WHAT IS EXPECTED :: Repeat exactly the stretch of lines that starts with the one containing "Aiwa AV-D30 manual" and ends with the last line of the material. Leave out pictures.
#### EXERCISE DATA
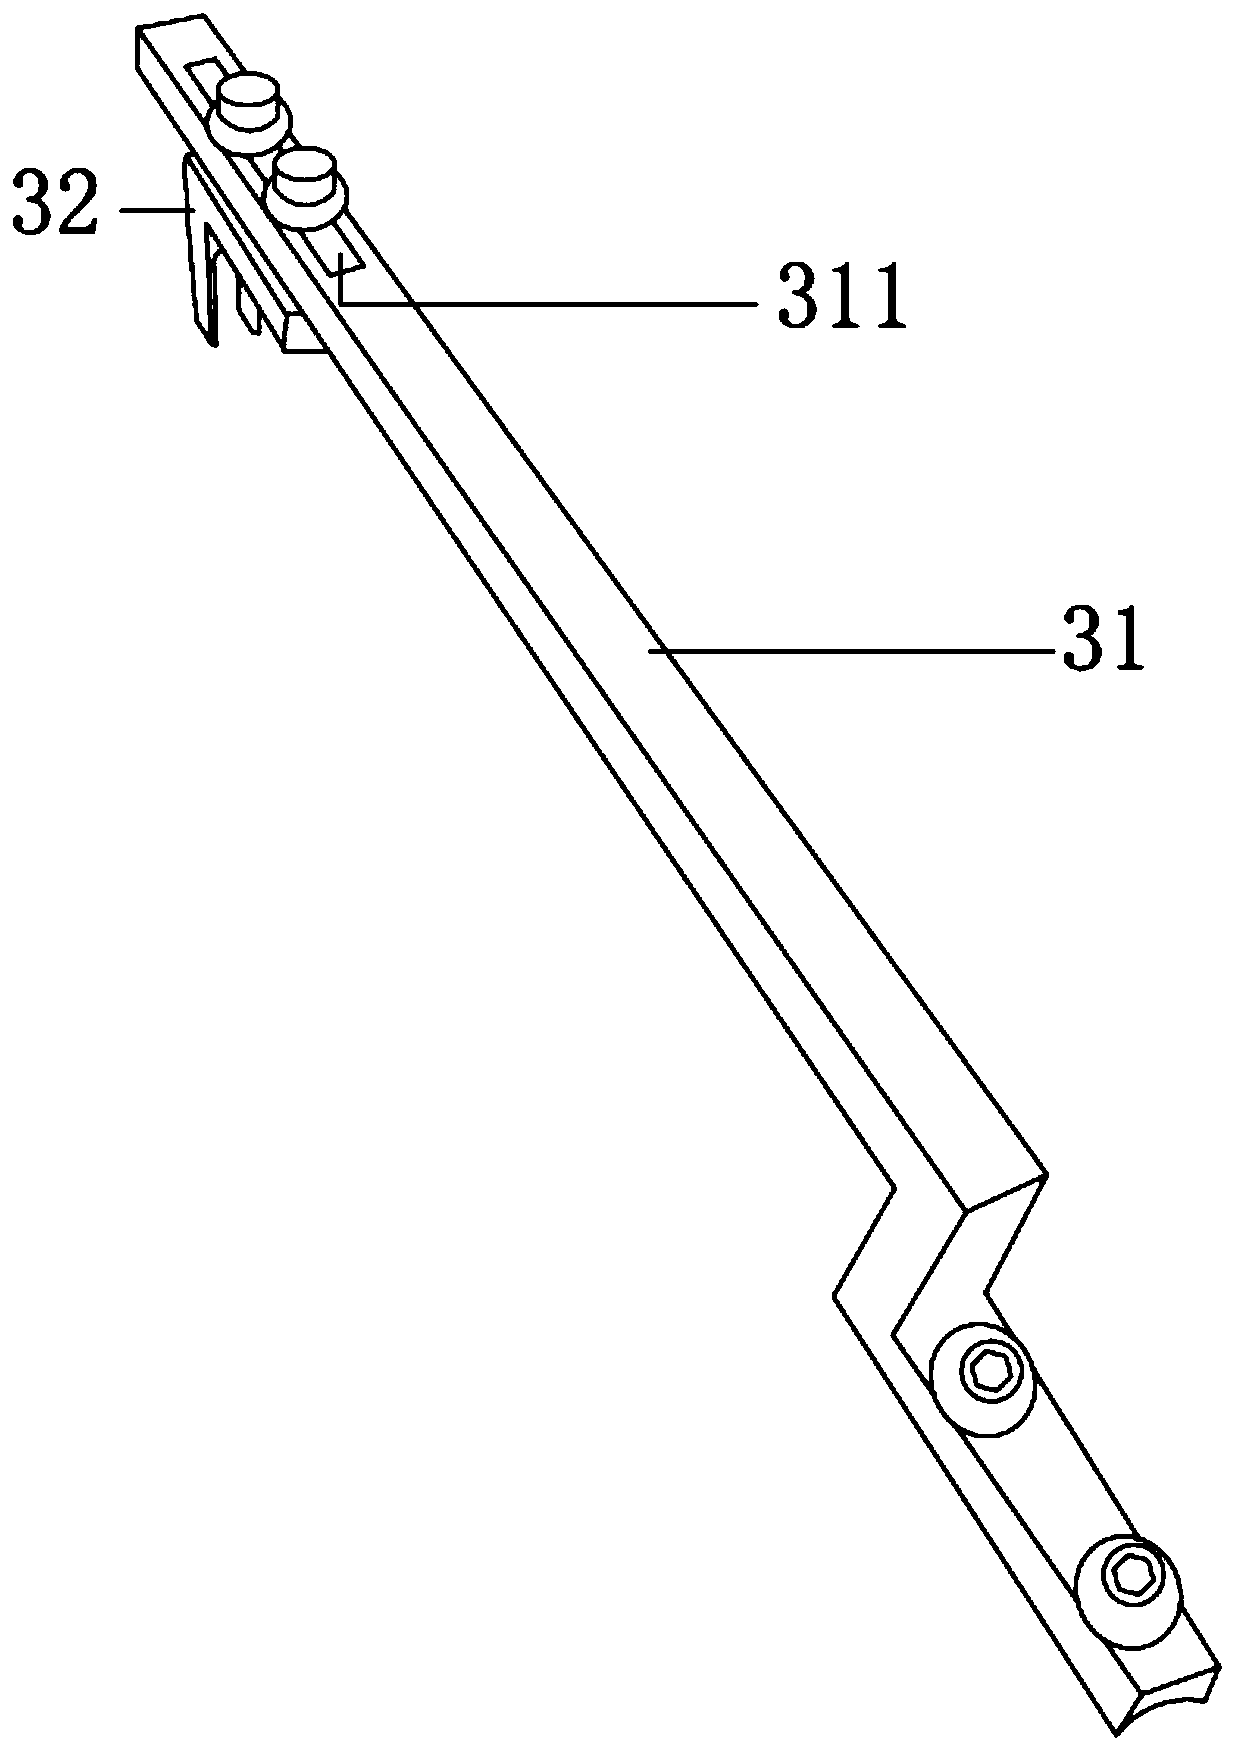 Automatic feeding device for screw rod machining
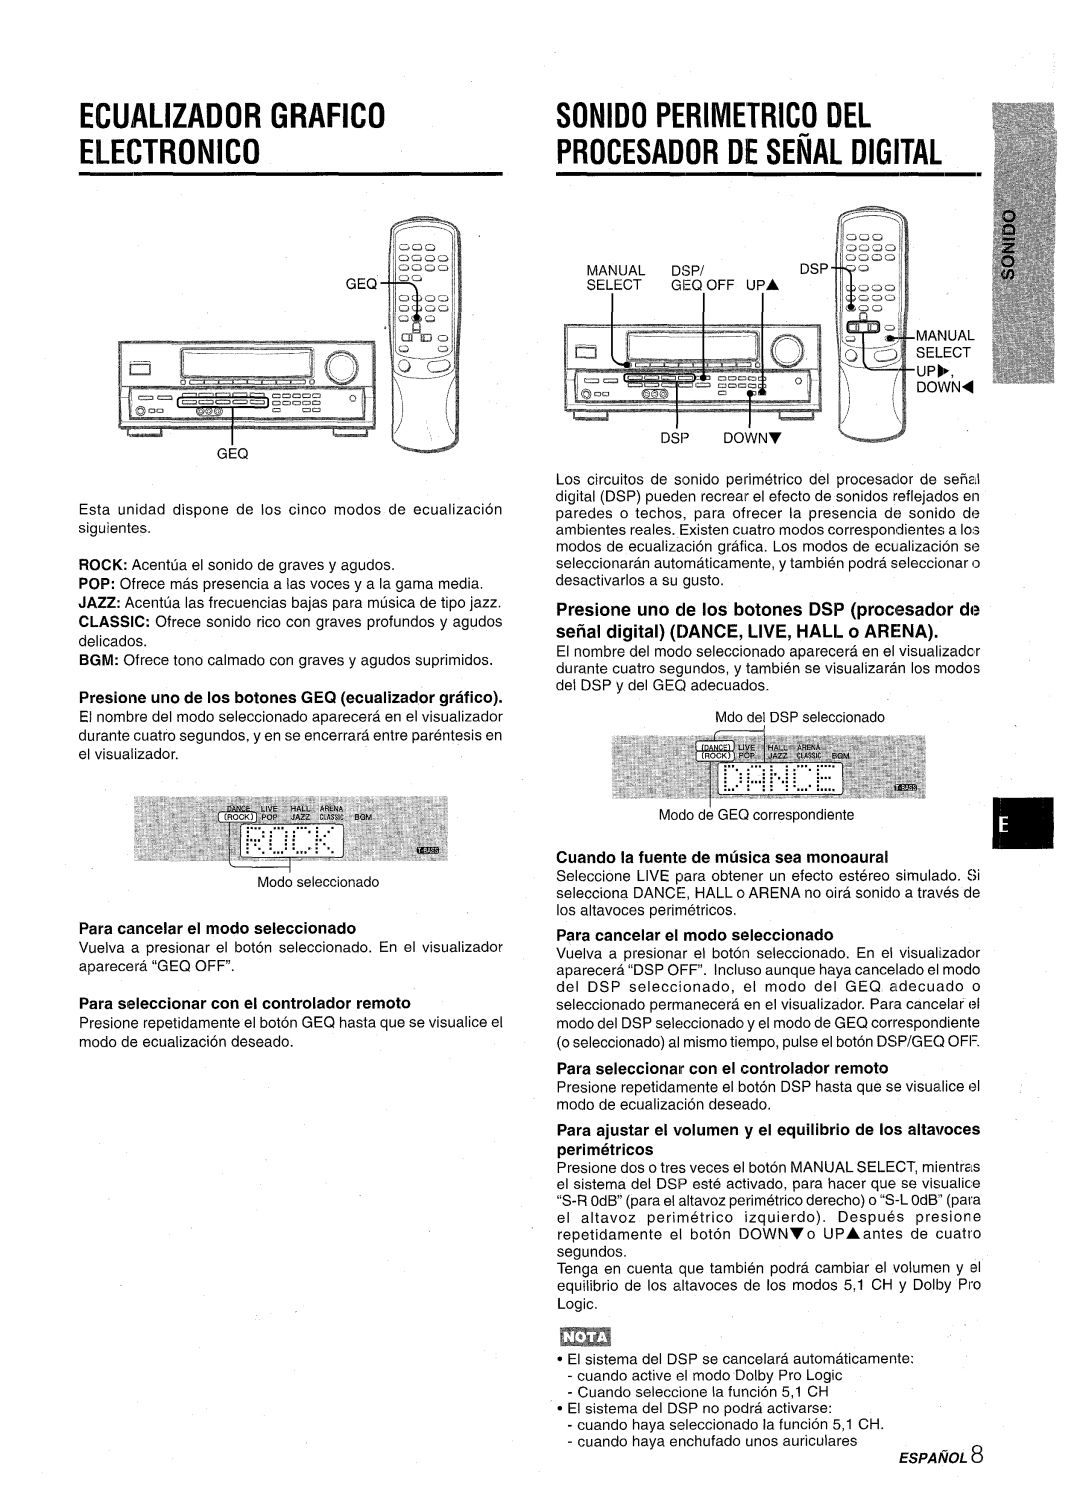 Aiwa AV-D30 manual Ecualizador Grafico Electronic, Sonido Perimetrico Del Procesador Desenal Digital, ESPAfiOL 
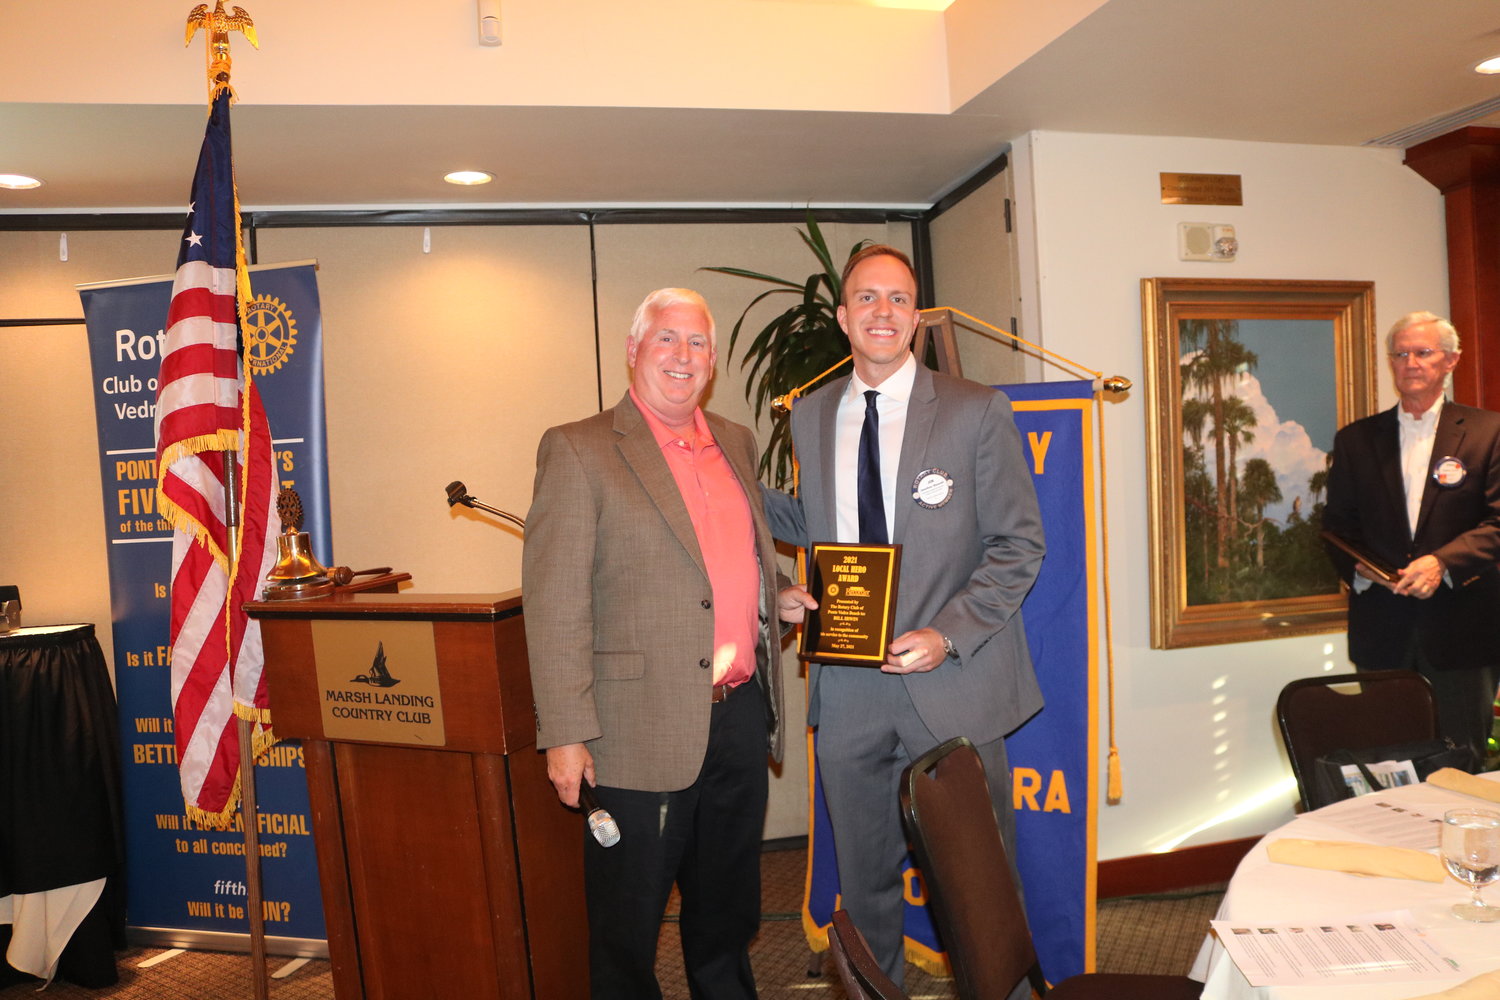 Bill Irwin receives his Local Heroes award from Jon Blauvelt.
########
SOLUTION TO THE PROBLEM ::
 Aiwa AV-D30 manual Ecualizador Grafico Electronic, Sonido Perimetrico Del Procesador Desenal Digital, ESPAfiOL 
 Bill Irwin receives his Local Heroes award from Jon Blauvelt.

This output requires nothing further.